- Specialty: Ophthalmology
- Symptoms: Blurring of vision, eye pain, nausea and vomiting
- Complications: Optic nerve damage, permanent vision loss
- Causes: Vitreous hemorrhage
- Risk factors: Increased pressure in the eye
- Diagnostic method: eye examination, gonioscopy
- Treatment: Medication, surgery

= Ghost cell glaucoma =

Ghost cell glaucoma (GCG) is a type of secondary glaucoma occurs due to long standing vitreous hemorrhage. The rigid and less pliable degenerated red blood cells (ghost cells) block the trabecular meshwork and increase the pressure inside eyes.

==Pathophysiology==
The ghost cells develop within the vitreous cavity, 1–3 weeks after vitreous hemorrhage. They obstruct the trabecular meshwork and eventually the pressure inside eye (intraocular pressure) increases and leads to glaucoma. A variety of ocular conditions may cause GCG. Main causes include ocular trauma, diabetes, sickle cell disease, uveitis, UGH syndrome, many eye surgeries etc.

==Signs and symptoms==
Myriad small cells may be seen in the aqueous humor during slit lamp examination. Intraocular pressure rises up to 30 to 70 mm Hg. The increased intraocular pressure may cause blurring of vision, headache, brow ache, nausea and/or vomiting. The angle of anterior chamber is seen open with gonioscopy.

==Complications==
If the increased intraocular pressure is uncontrolled, it may lead to optic nerve damage and irreversible visual impairment.

==Treatment==
The condition usually resolves once the vitreous hemorrhage has cleared. But, depending on the seriousness of the increased intraocular pressure, medical or surgical treatment may be advised.
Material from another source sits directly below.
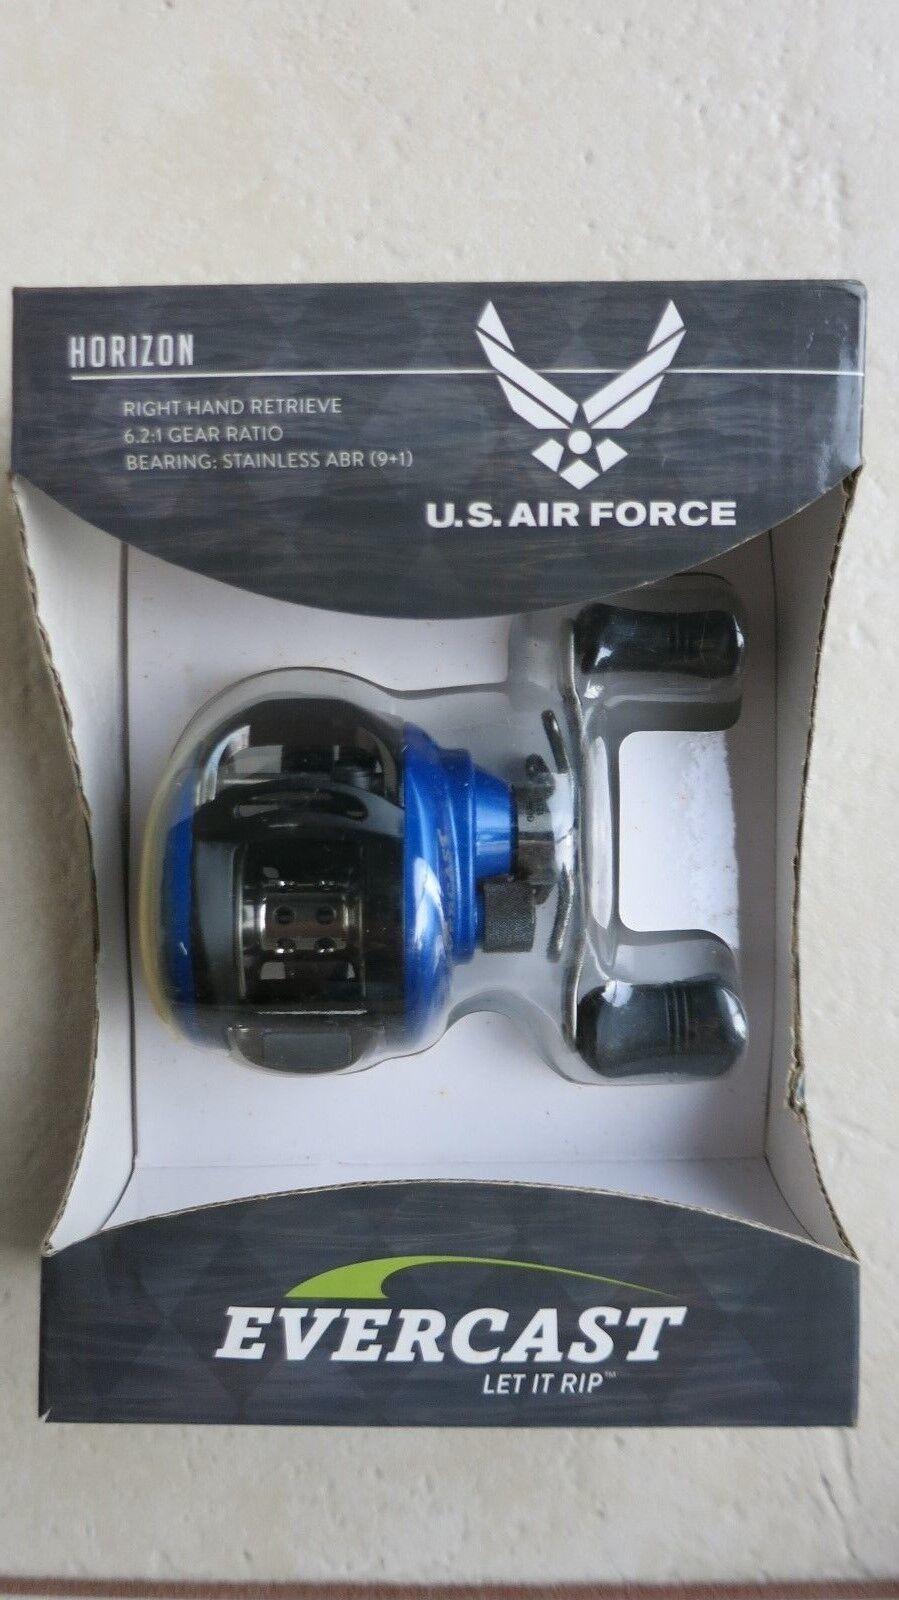 Evercast Horizon U.S. Air Force Fishing Reel bleu - Right Hand Retrieve 6.2 1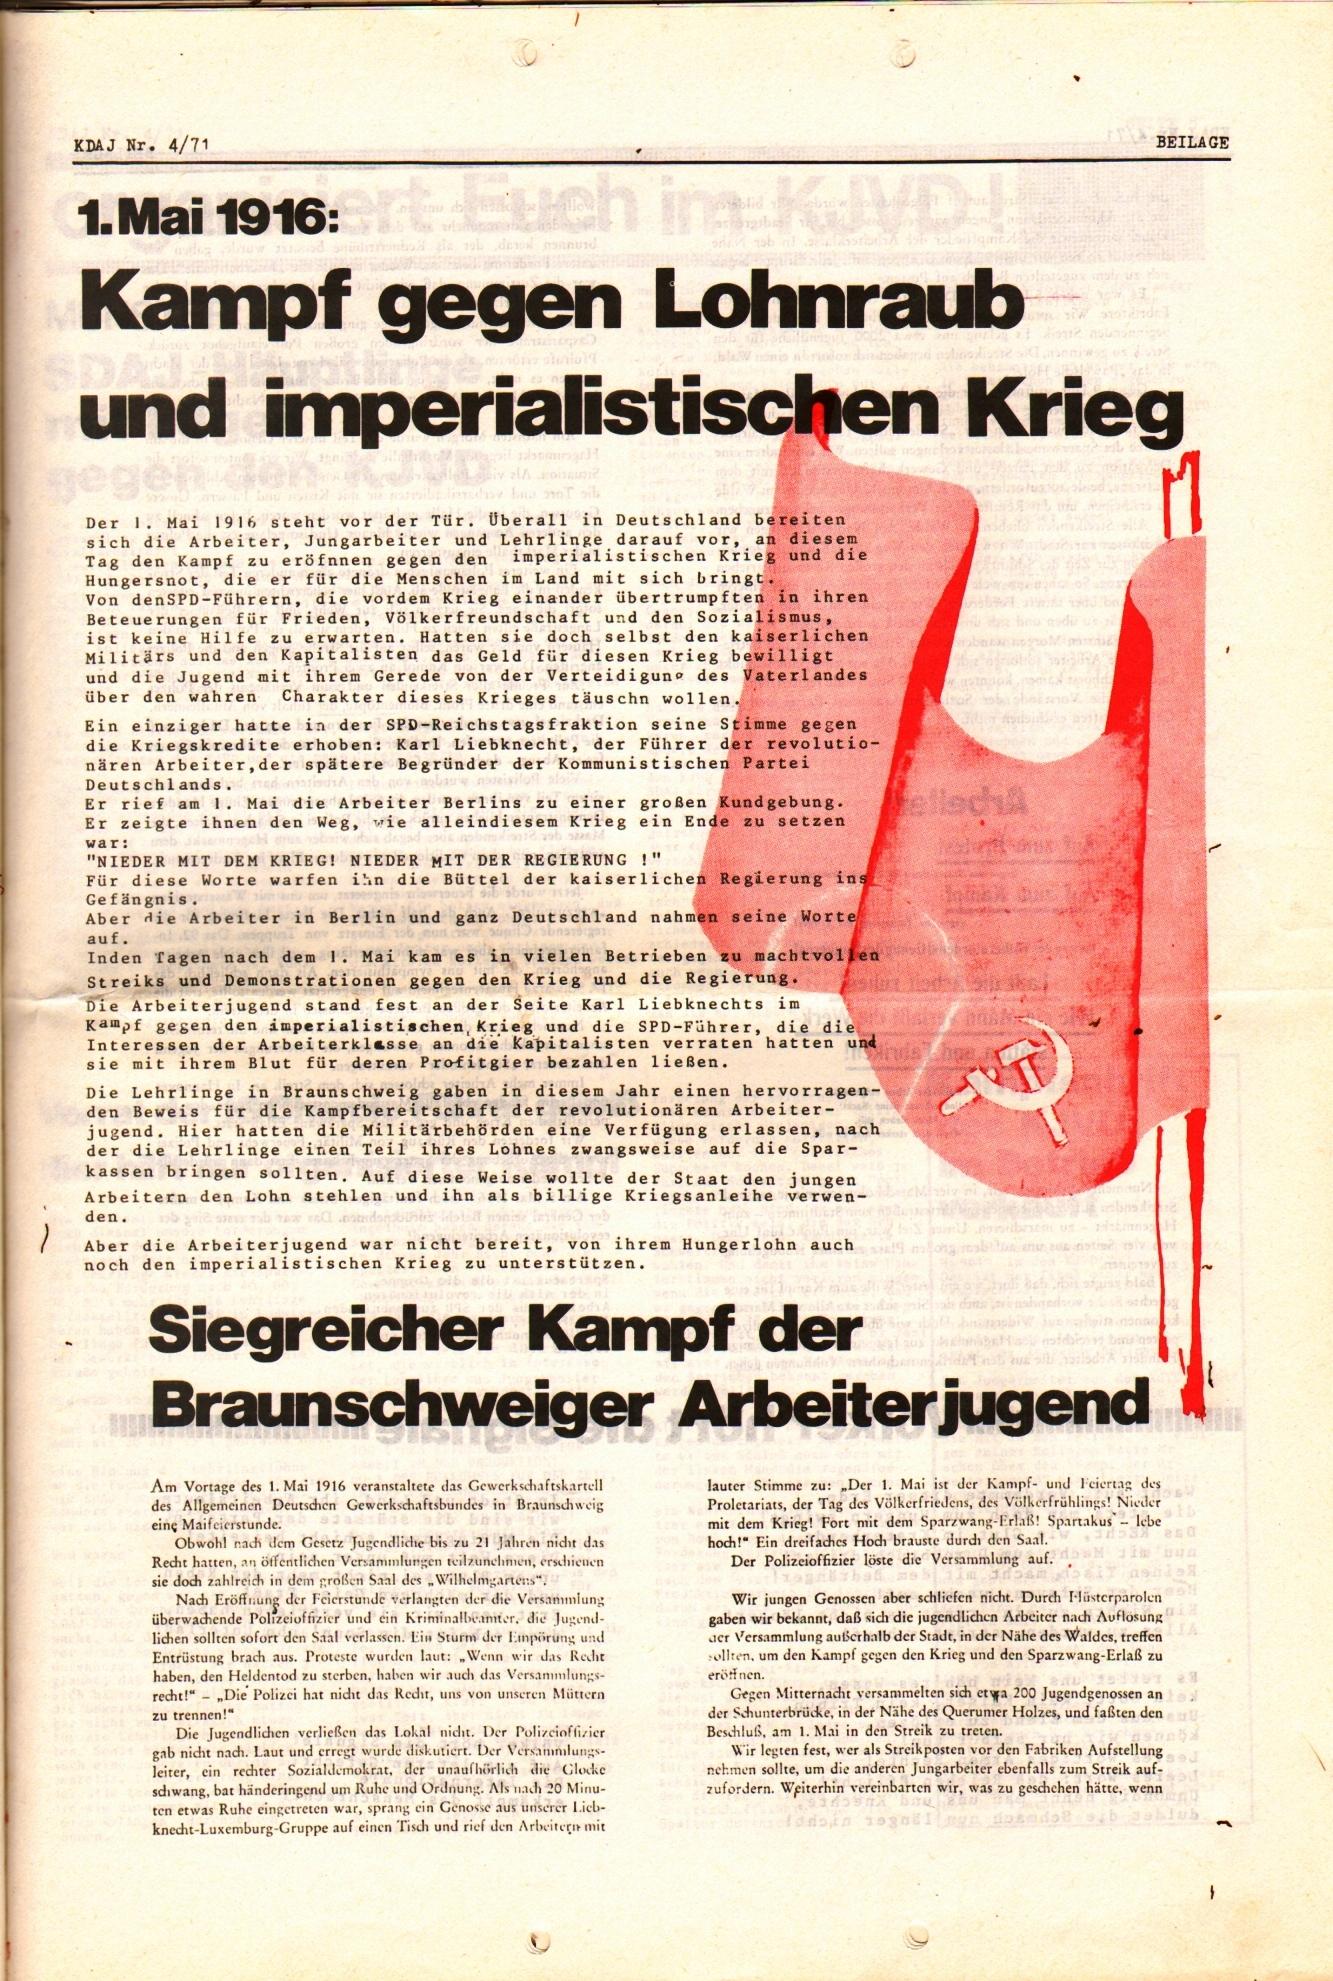 KDAJ, 2. Jg., April 1971, Nr. 4, Beilage, Seite 1

If IOP is not so high, medical therapy with aqueous suppressants is preferred. Surgery is advised if the intraocular pressure remains in 40- to 50-mm Hg range even after medical therapy. Anterior chamber can be cleaned by making a small paracentesis in the cornea and irrigating the anterior chamber with a saline solution. Repeat evacuation and aspiration are required if myriad cells accumulate again in anterior chamber.

==History==
Campbell et al. described Ghost cell glaucoma in 1976. Campbell and Grant described the condition and given the name ghost cell glaucoma. Fenton and Zimmerman called it hemolytic glaucoma.